Tuning Style Transfer with a Control Surface

Paul Butler – February 18, 2018

There’s a fun technique introduced by Gatys, Ecker, and Bethge that lets you reduce an image into separate “content” and “style” representations. Then, by taking a content representation from one image and the style representation from another, you can create a new image that matches the content of the first image in the style of the second.

The gist of style transfer is that you take a pre-trained image classification network (VGG-16 trained on ImageNet), and then run an image through it. For each convolutional layer of the classification network, the raw activations represent the content, and the Gram matrix of the activations represents the style. By picking some layers and assigning weights to their content and style, you can create a loss function that represents your desired blend of content and style. With that loss function, you can apply gradient descent to a random noise image, and after enough iterations you get something that combines the content and style provided.

In order to gain better intuition for the information captured at each layer, it helps to have a tactile interface with a short feedback loop. I rigged up a MIDI control surface so that each of the eight sliders and pot knobs correspond to the content and style weights (respectively) of eight layers in a style transfer model.

Passing control state

The GPU I use is in a data center, so I had to set up a way to stream the control surface state over the network. I used Chrome’s preview implementation of the Web MIDI API to listen for control state change events. Then I send these over a websocket connection to the GPU machine, where they are received by a websocketd server running a lightweight Python process. That Python process updates the weights in shared memory.

Meanwhile, the image optimization process runs in a perpetual training loop. After every training epoch it updates the weights from the shared memory, and saves the training loss and the latest image.

Learning an image with Keras

The optimization process itself is written in Keras. There are at least a few Keras implementations of Gatys et al. style transfer out there. Keras even ships with one. Typically, these implementations use Keras for the VGG-16 implementation and to compute gradients, but then pull the gradients out and use scipy to optimize the input against the loss function.

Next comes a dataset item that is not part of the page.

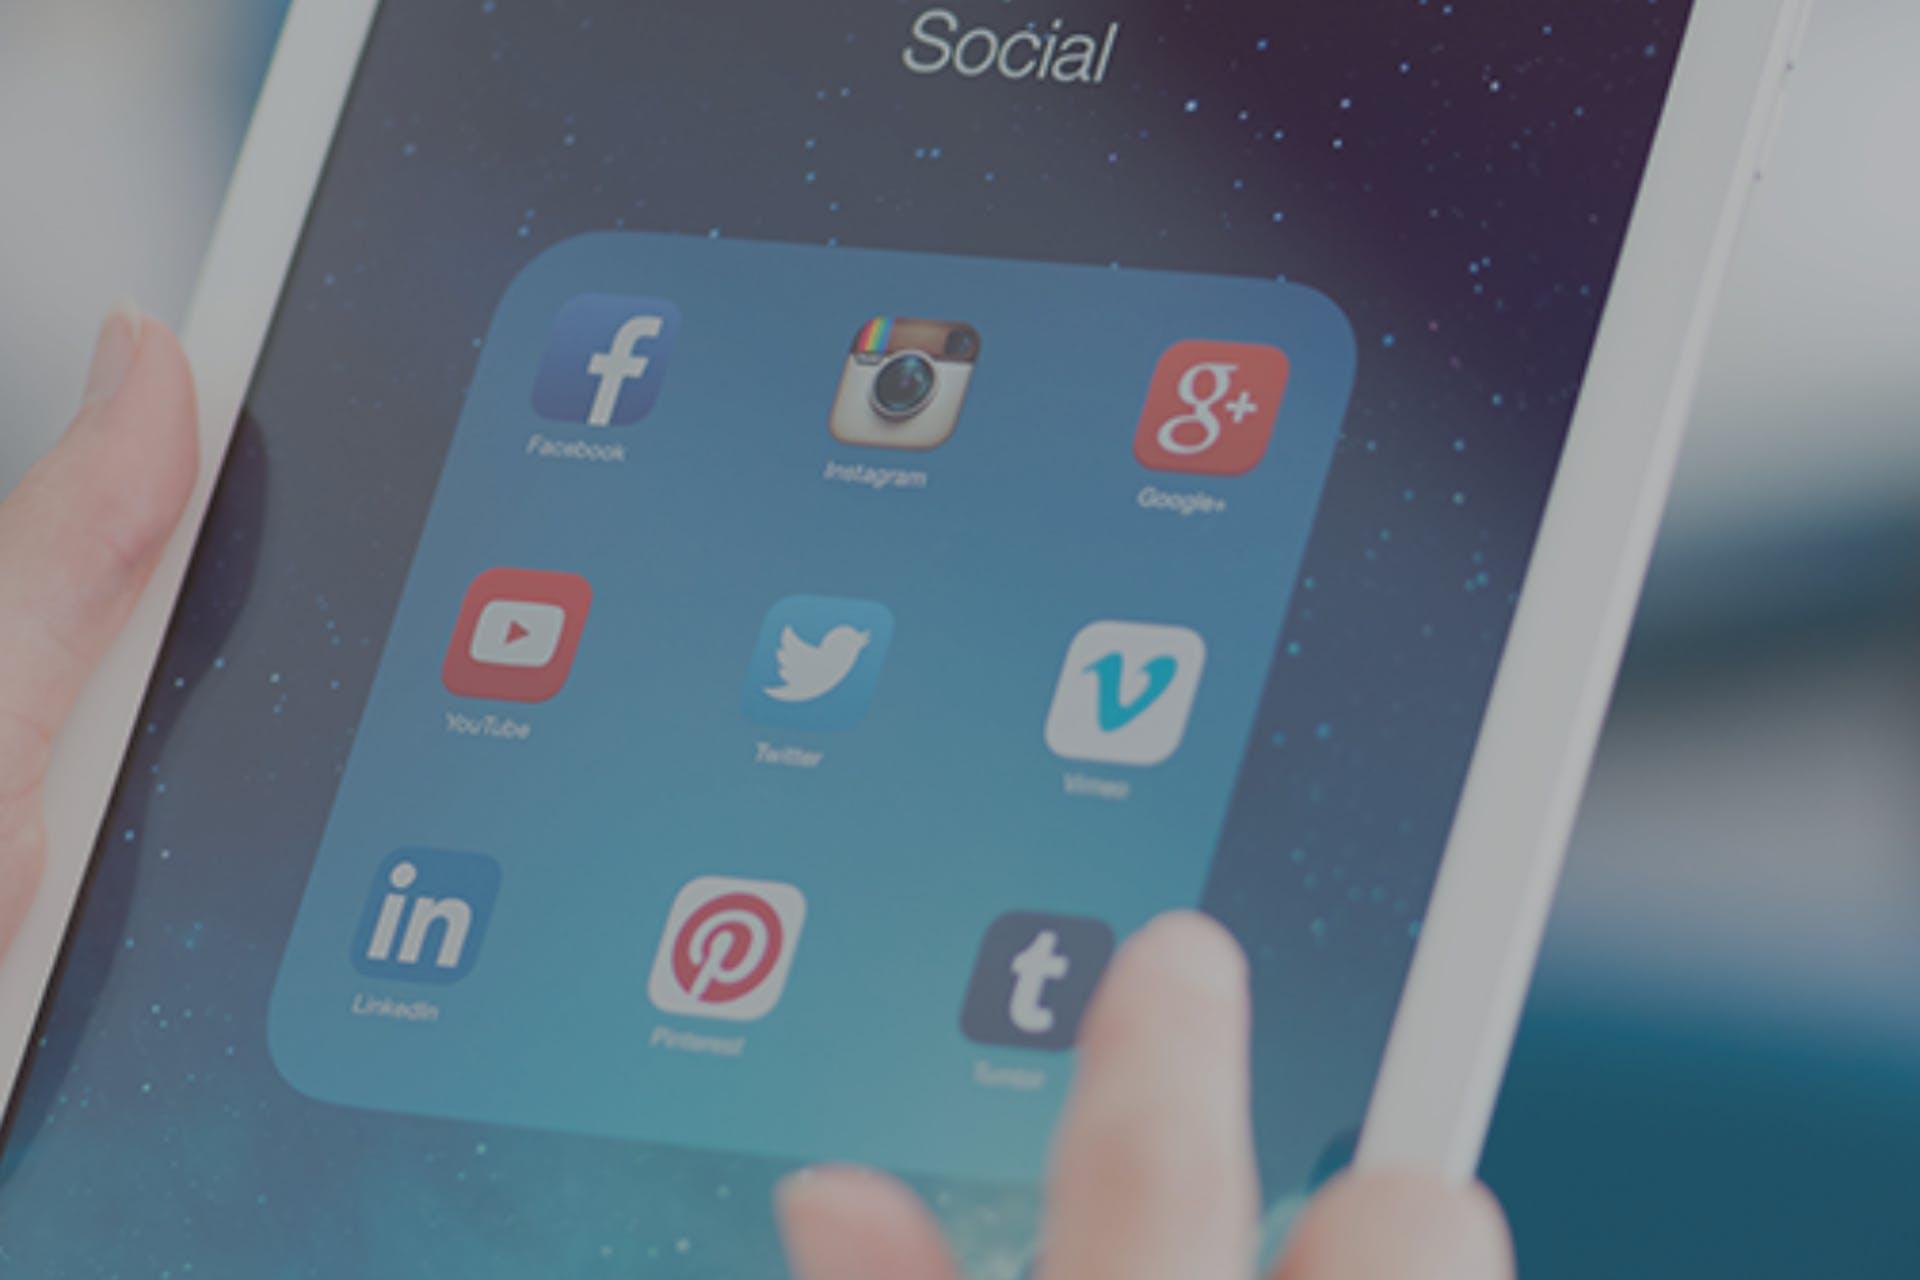 Post on social

My requirements were a bit different. I wanted to be able to change the layer weights without recompiling the model. I also wanted to visualize how much each layer was contributing to both the style and content loss. While possible in scipy, I found it cleaner to accomplish using only the Keras optimization loop.

Keras is set up to optimize weights of a model, but in style transfer it’s the input that gets optimized. In order to accomedate this within Keras, I used a trick: the actual model “input” is the constant scalar value 1.0, followed immediately by a dense layer with no bias term, and an output shape that matches the desired image shape. Fitting the weights of this dense layer is then equivalent to fitting the input image.

In addition to the constant tensor, the model takes as input two 8-long vectors. These correspond to the content and style weights for each of the 8 layers. It might seem unusual to pass model parameters as input, but that’s what allows me to change the parameters in the optimization loop without recompiling the model.

The output from the function is a 16-long vector of style and content losses from each layer. To fit the model, I use a vector of 16 zeros as the target and use mean_absolute_error to get a scalar loss value that Keras can optimize towards.

Putting it all together

Once I implemented the MIDI state streaming and Keras model, all that was left to do was build a basic web interface to view the latest result after each pass through the optimization loop. I also added a simplistic visualization shows a table of weights for each layer and how much of the current loss that layer contributes.

Here’s a video of training in action.

The code is avaiable for reference on GitHub. Consider it demo-quality, so if you want to use it as more than a reference it might take some work.